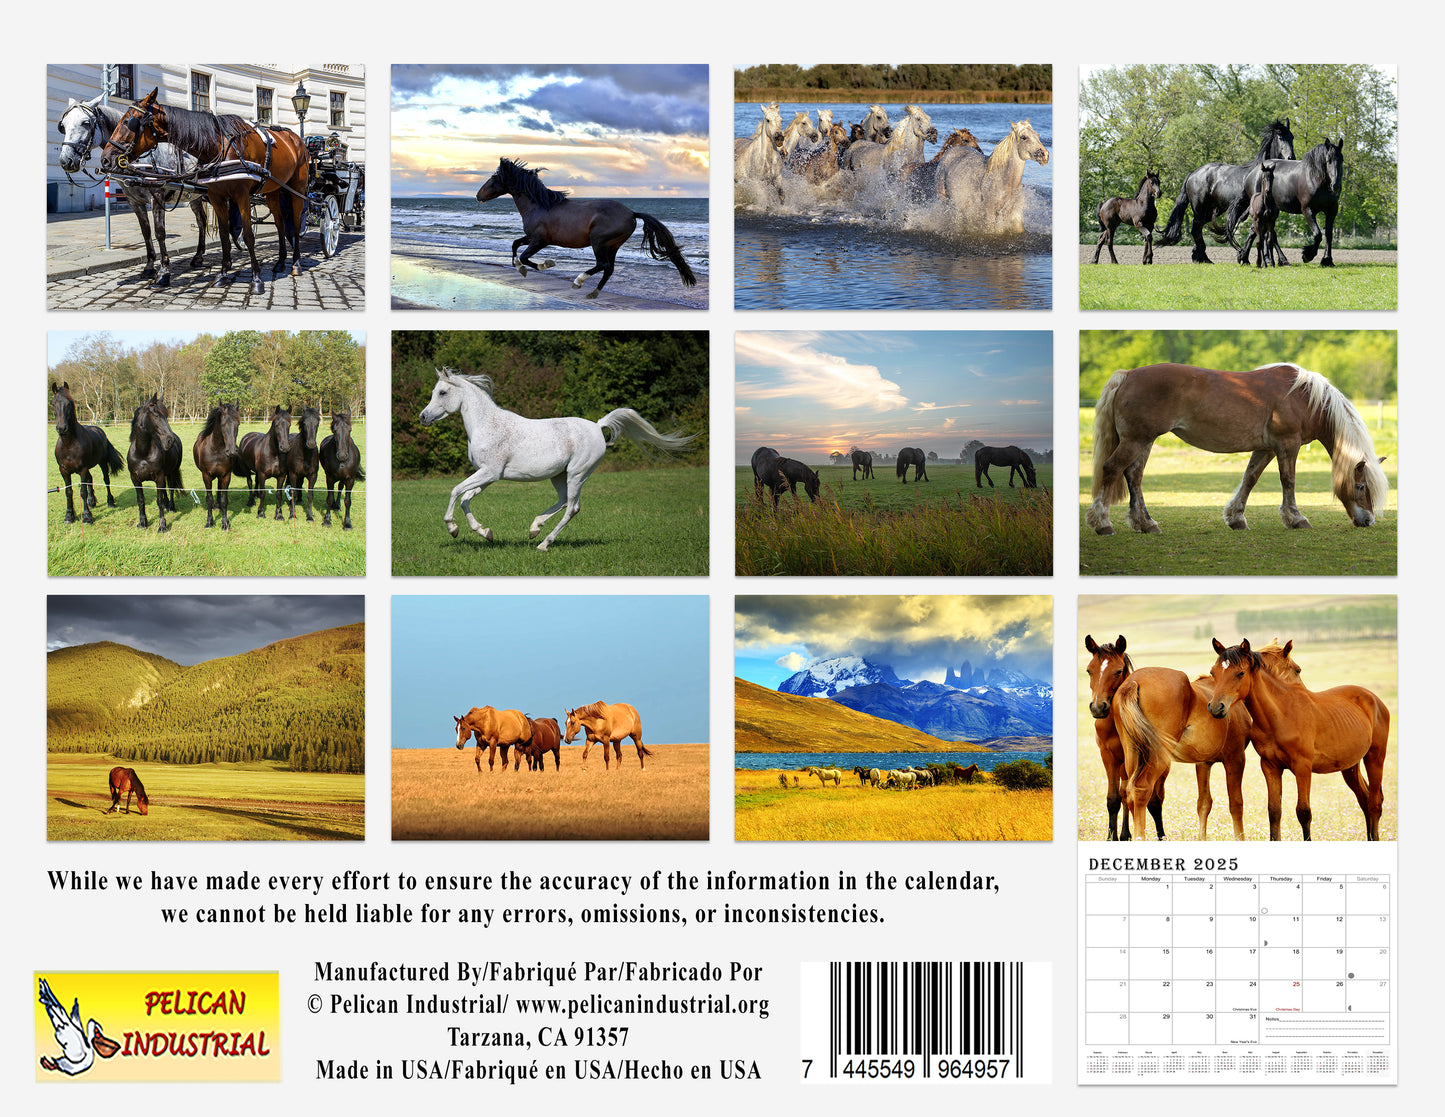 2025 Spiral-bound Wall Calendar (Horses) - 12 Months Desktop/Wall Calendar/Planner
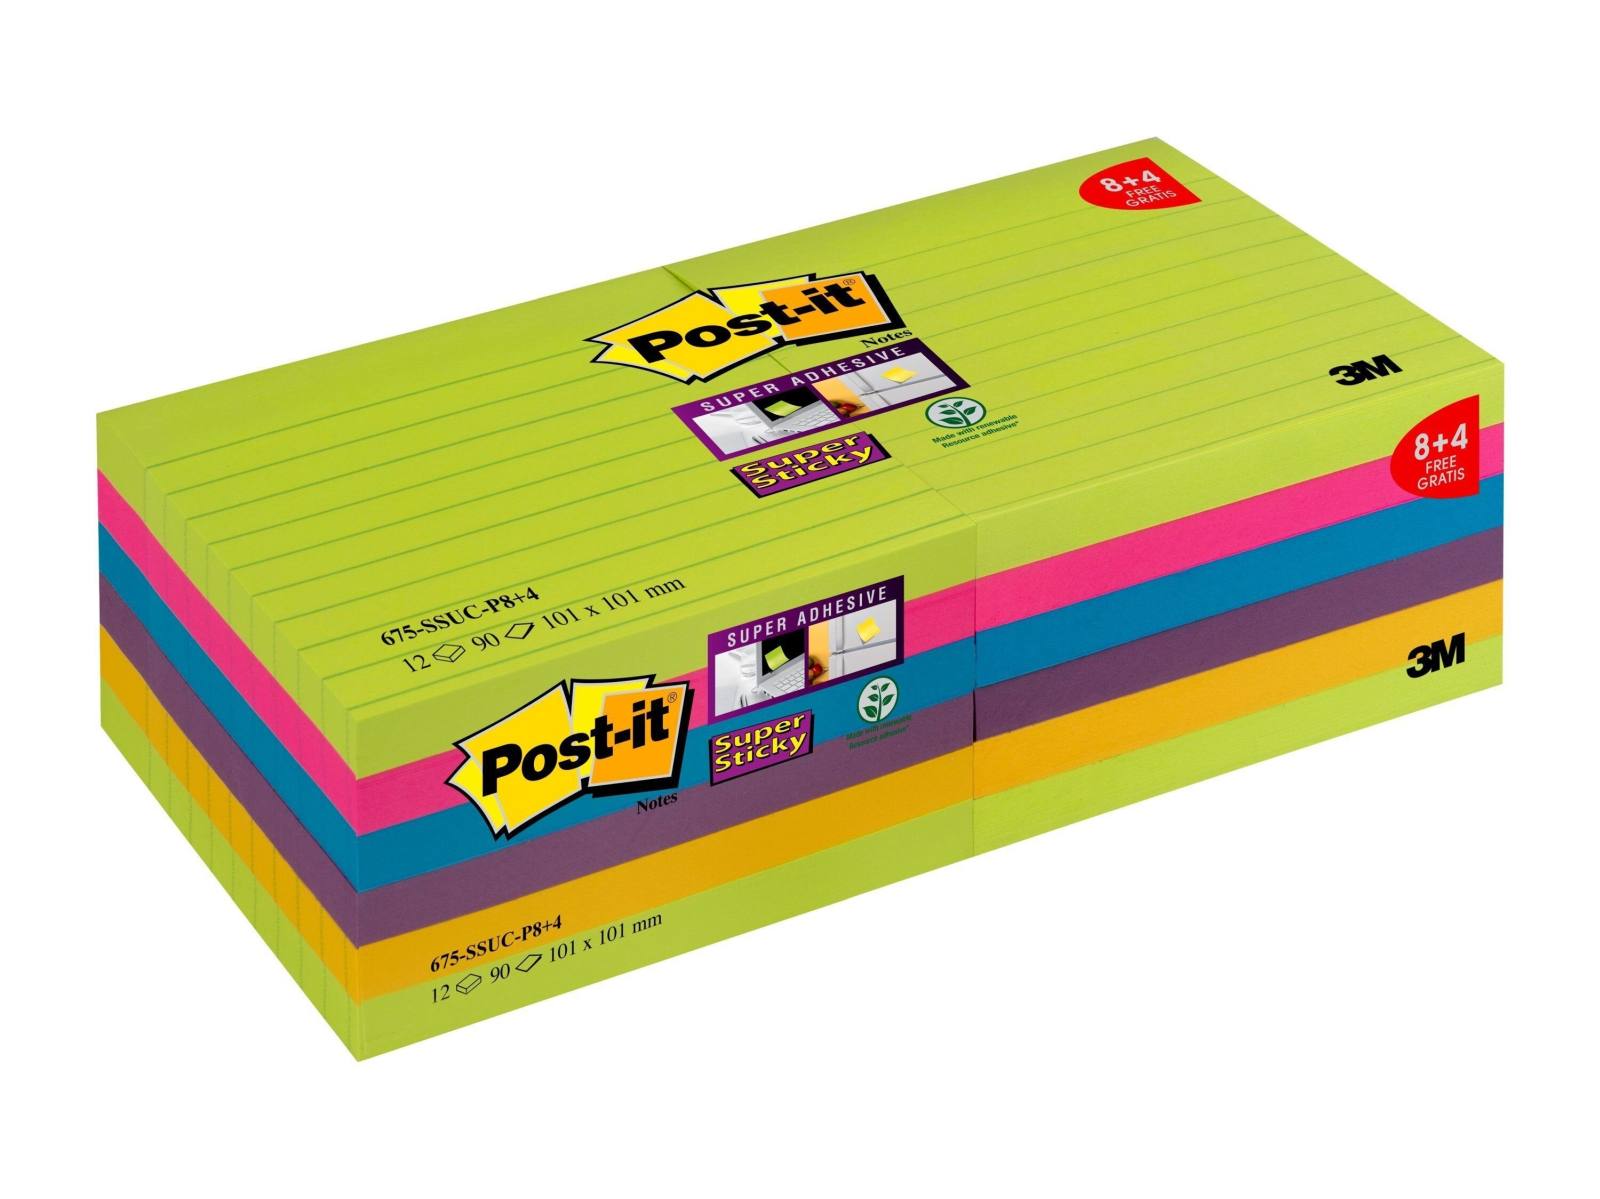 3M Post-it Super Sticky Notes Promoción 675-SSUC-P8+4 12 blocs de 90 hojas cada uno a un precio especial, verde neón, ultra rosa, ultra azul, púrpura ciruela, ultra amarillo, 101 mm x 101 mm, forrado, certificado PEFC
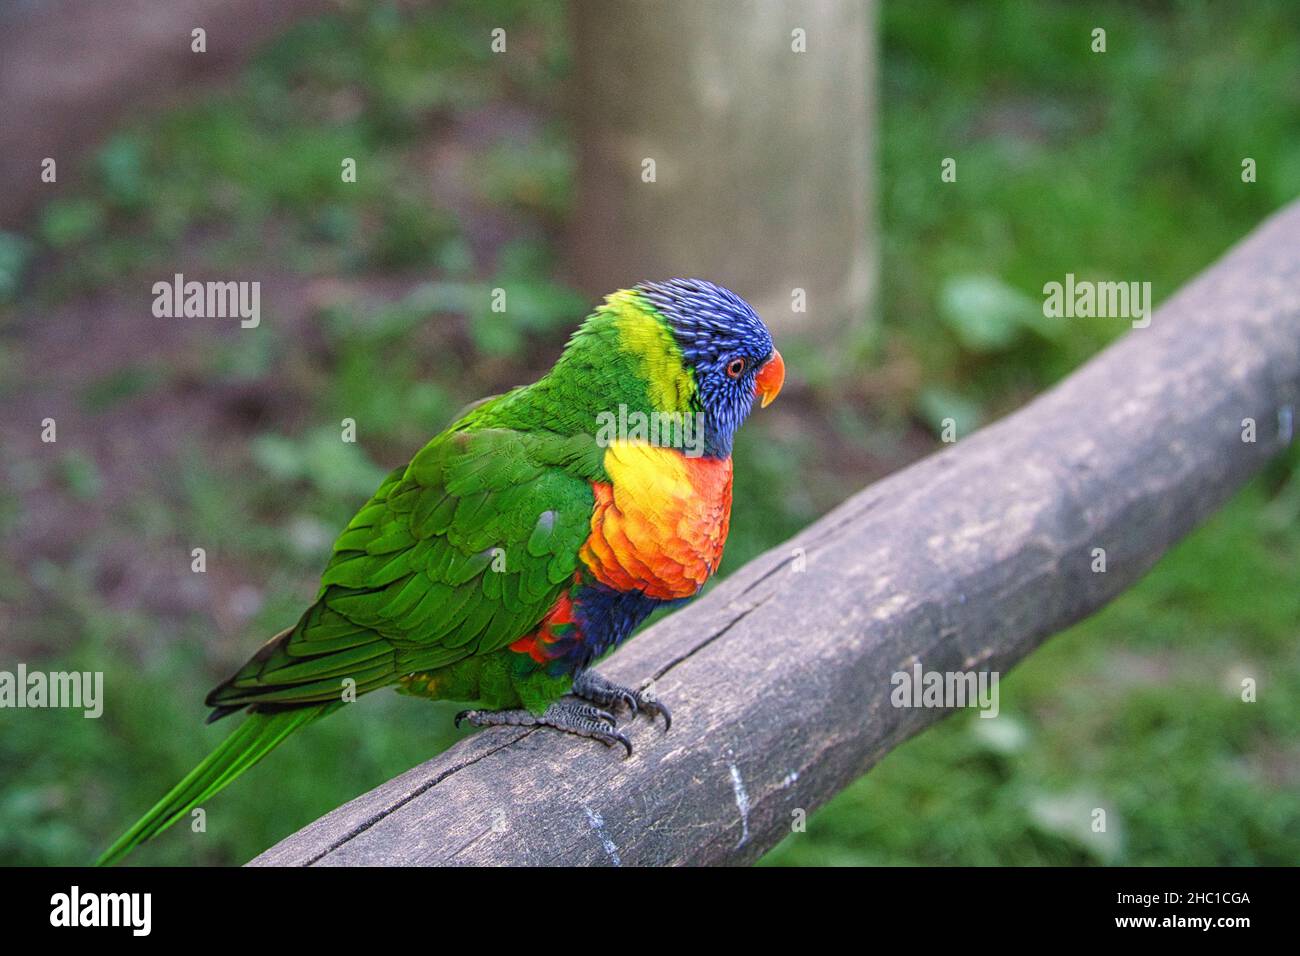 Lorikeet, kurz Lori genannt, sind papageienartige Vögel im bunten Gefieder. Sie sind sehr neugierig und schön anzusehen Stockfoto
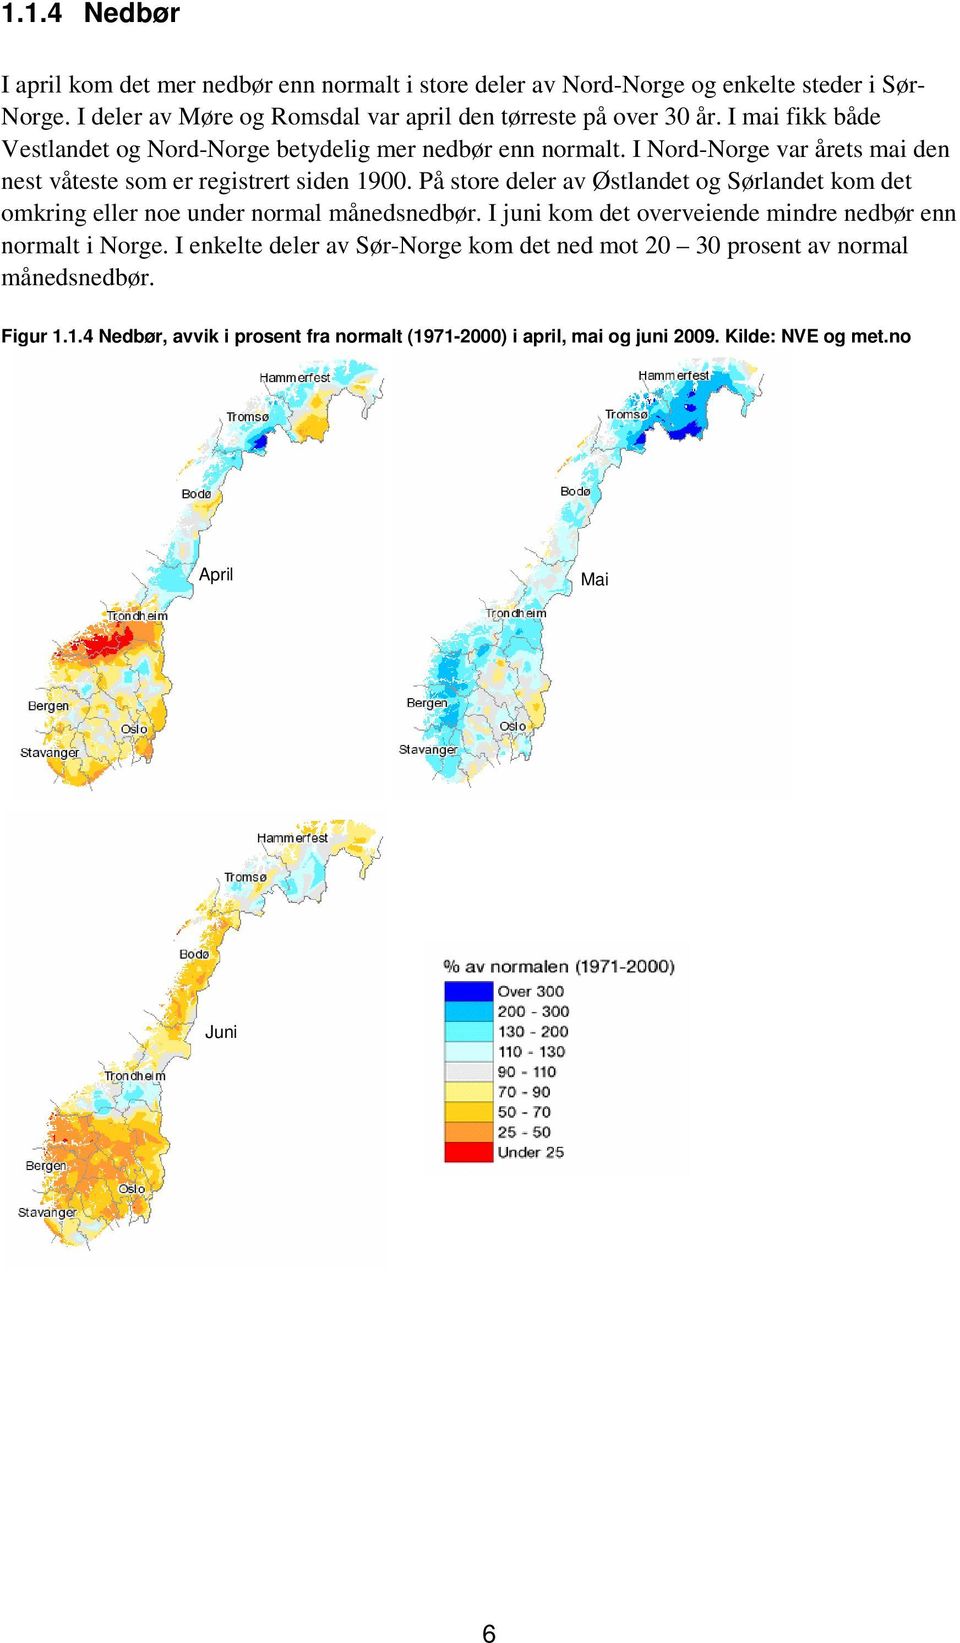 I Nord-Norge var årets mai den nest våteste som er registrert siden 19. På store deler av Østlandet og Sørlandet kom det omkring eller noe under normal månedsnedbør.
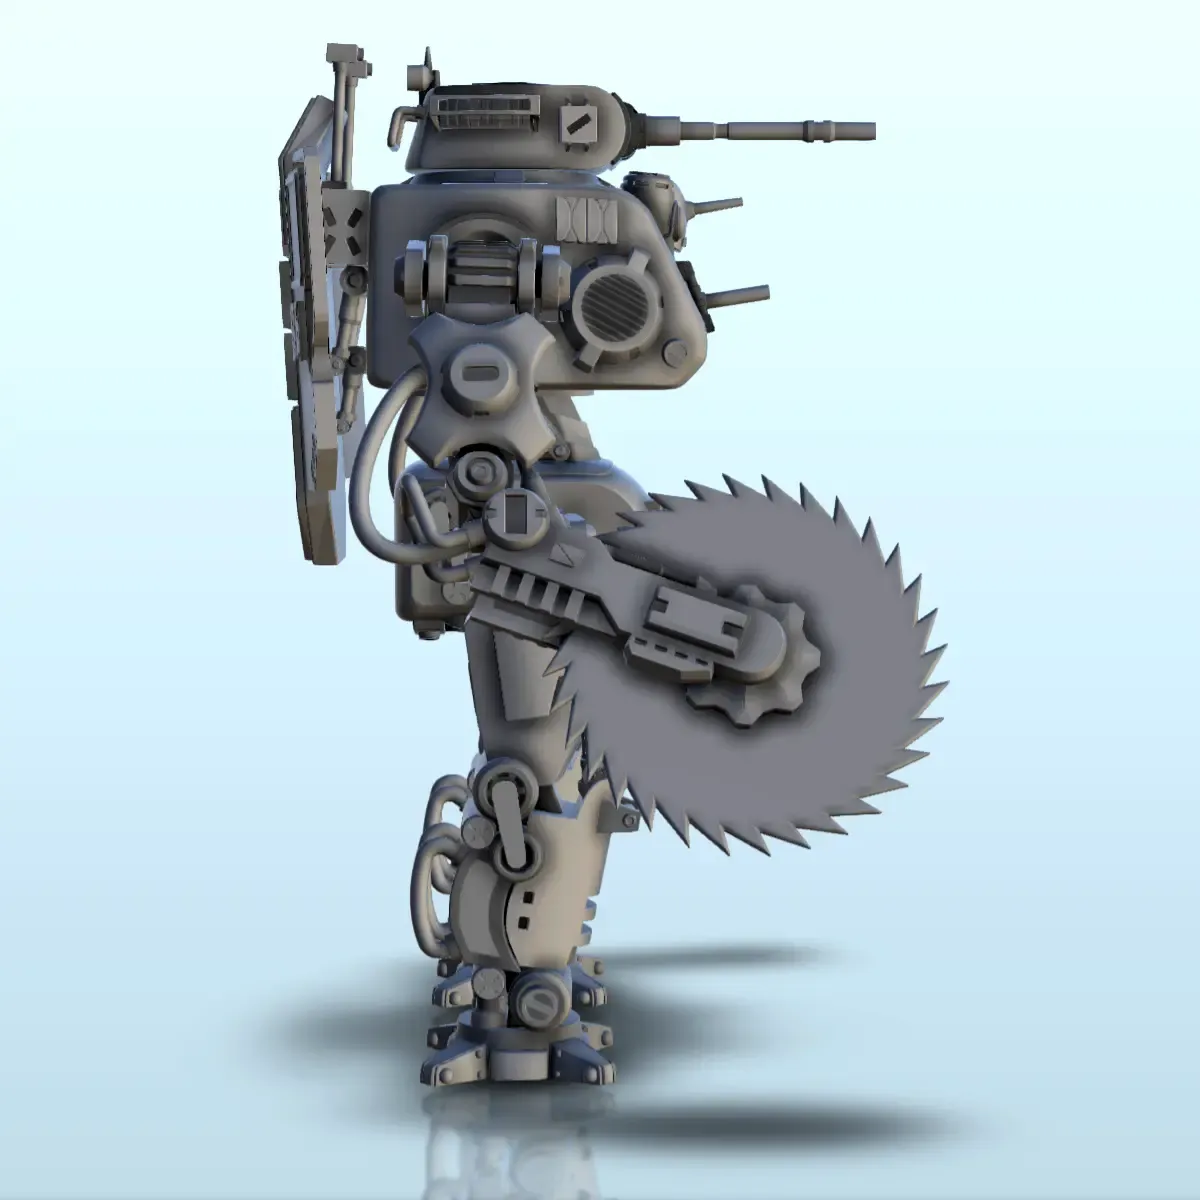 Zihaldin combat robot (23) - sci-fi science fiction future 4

--------

● **ASSIGNMENT**: Leave out the pictures and reproduce the rest of the listing exactly.

● **RESPONSE**:
 2025 Spiral-bound Wall Calendar (Horses) - 12 Months Desktop/Wall Calendar/Planner
 3M Post-it Super Sticky Notes Promoción 675-SSUC-P8+4 12 blocs de 90 hojas cada uno a un precio especial, verde neón, ultra rosa, ultra azul, púrpura ciruela, ultra amarillo, 101 mm x 101 mm, forrado, certificado PEFC
 Lorikeet, kurz Lori genannt, sind papageienartige Vögel im bunten Gefieder. Sie sind sehr neugierig und schön anzusehen Stockfoto
 I Nord-Norge var årets mai den nest våteste som er registrert siden 19. På store deler av Østlandet og Sørlandet kom det omkring eller noe under normal månedsnedbør.
 Zihaldin combat robot (23) - sci-fi science fiction future 4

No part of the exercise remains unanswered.